The number of potential uses for Bitcoin keeps on rising, as a Swiss church has announced its intention to accept donations in Bitcoin.
Local media has featured interviews with Nicolas Legler, spokesperson for Zurich’s ICF Church, who has put his faith in the high flying cryptocurrency amid widespread fears that the commodity’s meteoric rise bears all the hallmarks of a bubble.
Previously a relative novelty, the online currency which uses blockchain to share digital information without it being copied had for years been used primarily by tech enthusiasts, national governments and people who value its ability to pay anonymously.

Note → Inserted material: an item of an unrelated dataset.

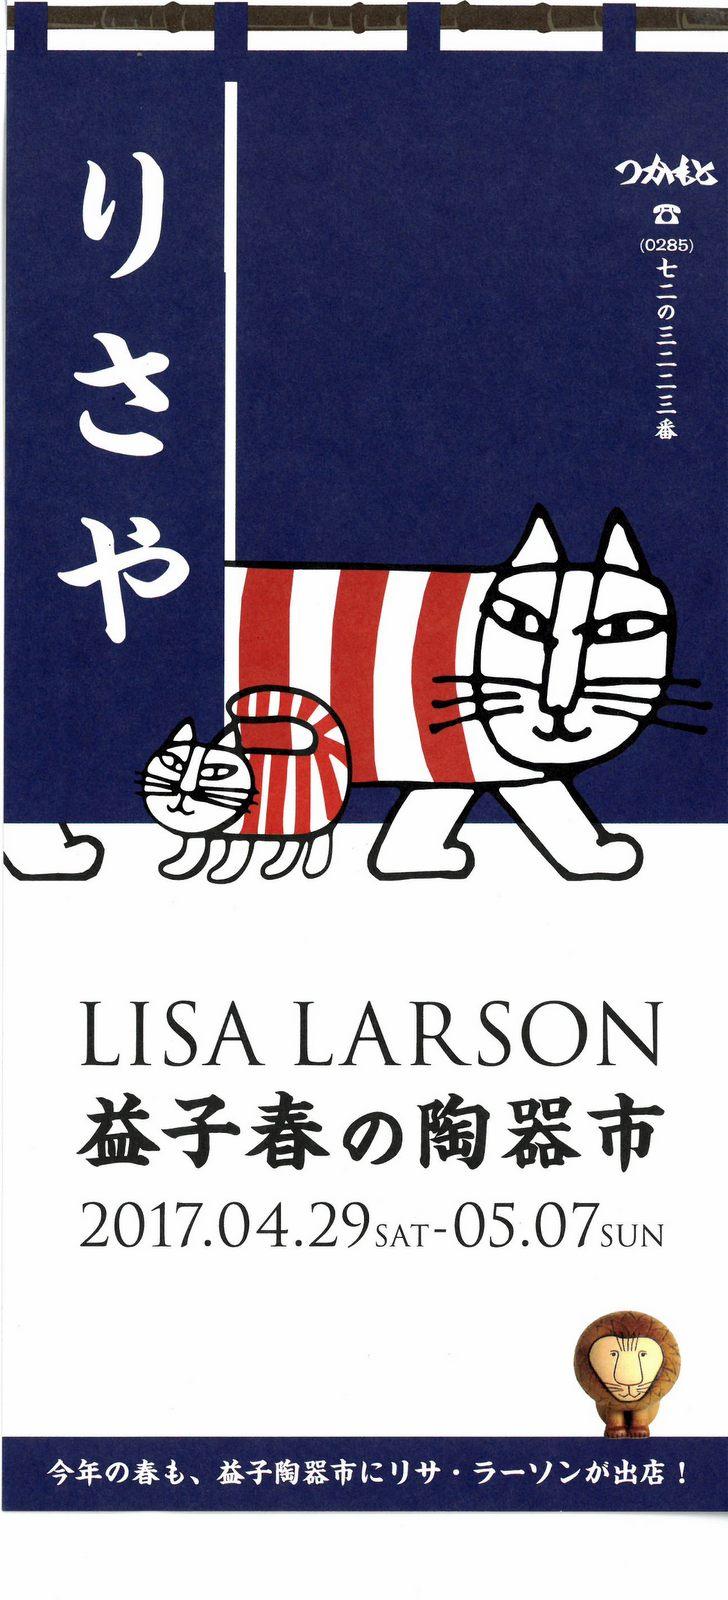 LISALARSON益子春の陶器市

However, since early 2017 the currency has experienced a massive spike in its value – rising to as much as $13,000 a coin before dropping back to $12,000 amid a period of instability.
The rise of Bitcoin has continued from strength to strength as it becomes more accepted as a real, tradable asset by banks and fiscal authorities, competing against global commodities heavyweights like oil, gold and the US dollar. With more acceptance among the financial community, the more its value grows, as it becomes clear that it is here to stay on the markets – with several imitators attempting to cash in on the crypto gold rush.
Nicholas Legler said: “Digital currencies and the blockchain technology will change our daily lives more and more in the next years… cryptocurrencies will be implemented, be it Bitcoin or other currencies controlled by the State. We are convinced that this technology will soon belong to our daily lives.”
This news is yet more Bitcoin-related gossip coming from Switzerland, as it looks to become a world cryptocurrency trading hotspot by adopting friendly fiscal policies. Swiss cities have been exploring the possibility of accepting payment in Bitcoin, while a Chinese Bitcoin ‘mining’ firm is opening a branch in the nation.
The Evangelical church promotes itself as an adopter of modern technology and has the option to buy books, podcasts merchandise and online courses, as well as to make donations via its shop. This contributes the majority of the church’s income.